Non-methyl-B12 forms of B12 work well to correct a true B12 deficiency. However,
their actions are limited because their primary function is to be incorporated into
the B12 binding site on the methionine synthase molecule. Once they are attached
to this binding site, it is essentially the same as if they were locked up in prison
cell. Once imprisoned in this manner, they are now dependent on the classical
interactions of B12 with methionine synthase and methyl-tetrahydrofolic acid
(MTHF), those actions being to accept the methyl group from MTHF and pass
this methyl group onward to homocysteine while continually altering the cobalt-
B12 oxidation/reduction state and repeating the process. Only methyl-B12 has a
key to the prison and therefore is not bound to the prison-B12 rules. Only
methyl-B12 has the freedom to bypass the need to receive its methyl group from
MTHF. Only methyl-B12 has its own methyl group to pass onward to
homocysteine. Therefore only methyl-B12 has the ability to act more quickly and
more efficiently than other forms of B12.

Hi Soulfeast,


Non-methyl-B12 forms of B12 work well to correct a true B12 deficiency

If only that were true. It isn't. It is oft repeated but not true. Unless one defines "true B12 deficiency" as only that which responds well to cycbl or hycbl and ignore 2/3 of the symptoms and 90% of the people with them, which then creates a whole lot of mystery diseases with no treatments. However, those using mb12 for treating autism don't consider autism to be "true b12 deficiency". I have no idea what autism actually consistis of.

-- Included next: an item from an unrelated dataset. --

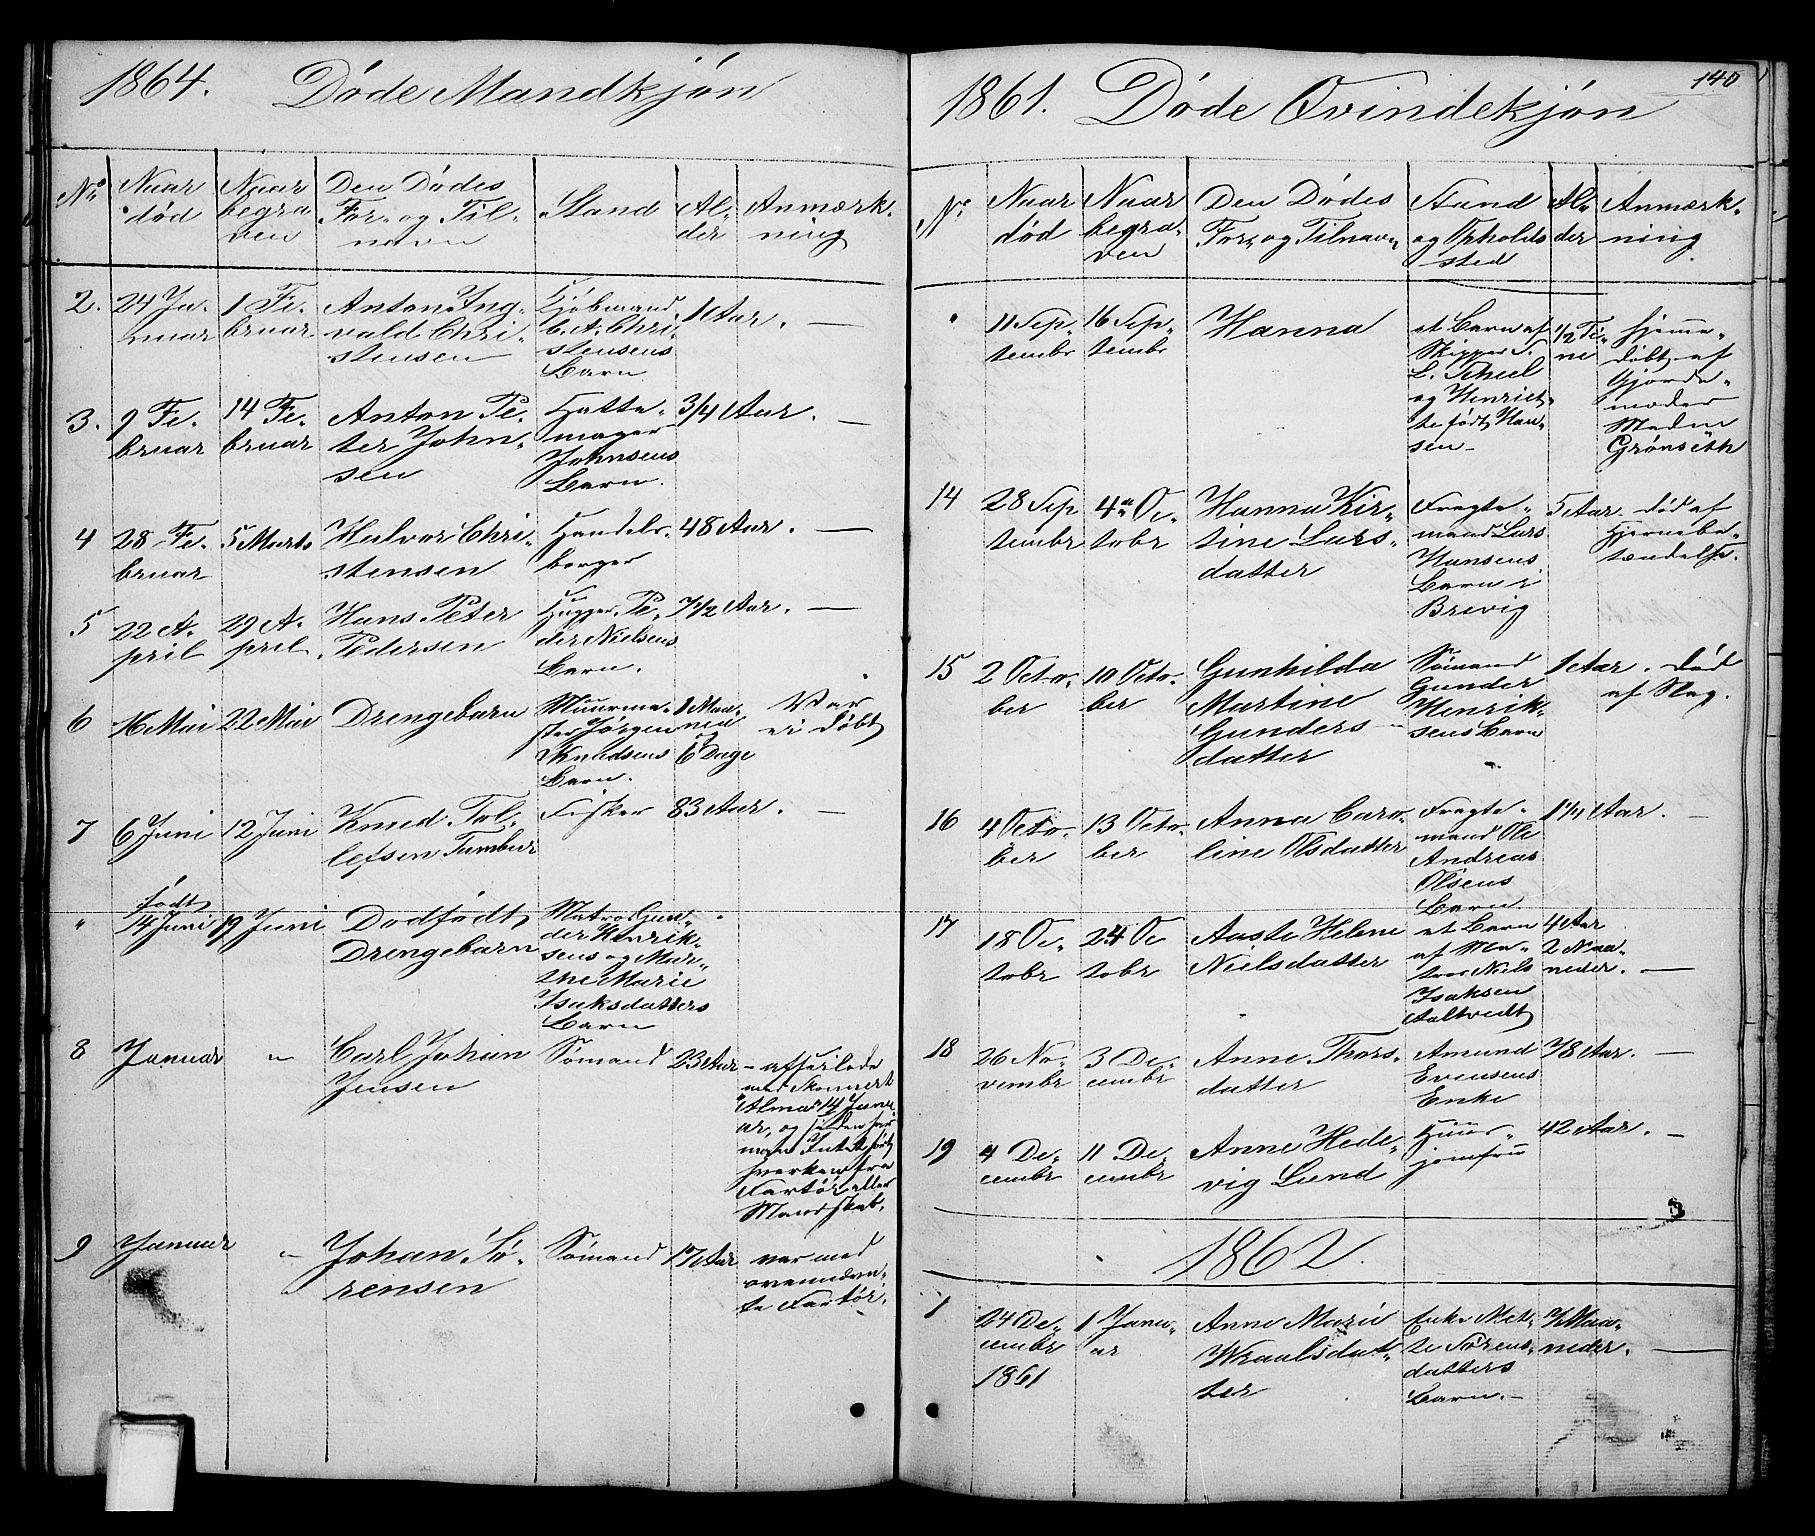 SAKO, Brevik kirkebøker, G/Ga/L0002: Klokkerbok nr. 2, 1846-1865, s. 140

Only methyl-B12 has a key to the prison and therefore is not bound to the prison-B12 rules. Only methyl-B12 has the freedom to bypass the need to receive its methyl group from MTHF. Only methyl-B12 has its own methyl group to pass onward to homocysteine. Therefore only methyl-B12 has the ability to act more quickly and more efficiently than other forms of B12.

That on the other hand is true as far as it goes. Adenosylb12 also is not bound to the prison b12 rules either. It takes it's actions directly when and where needed without necessity of being changed first.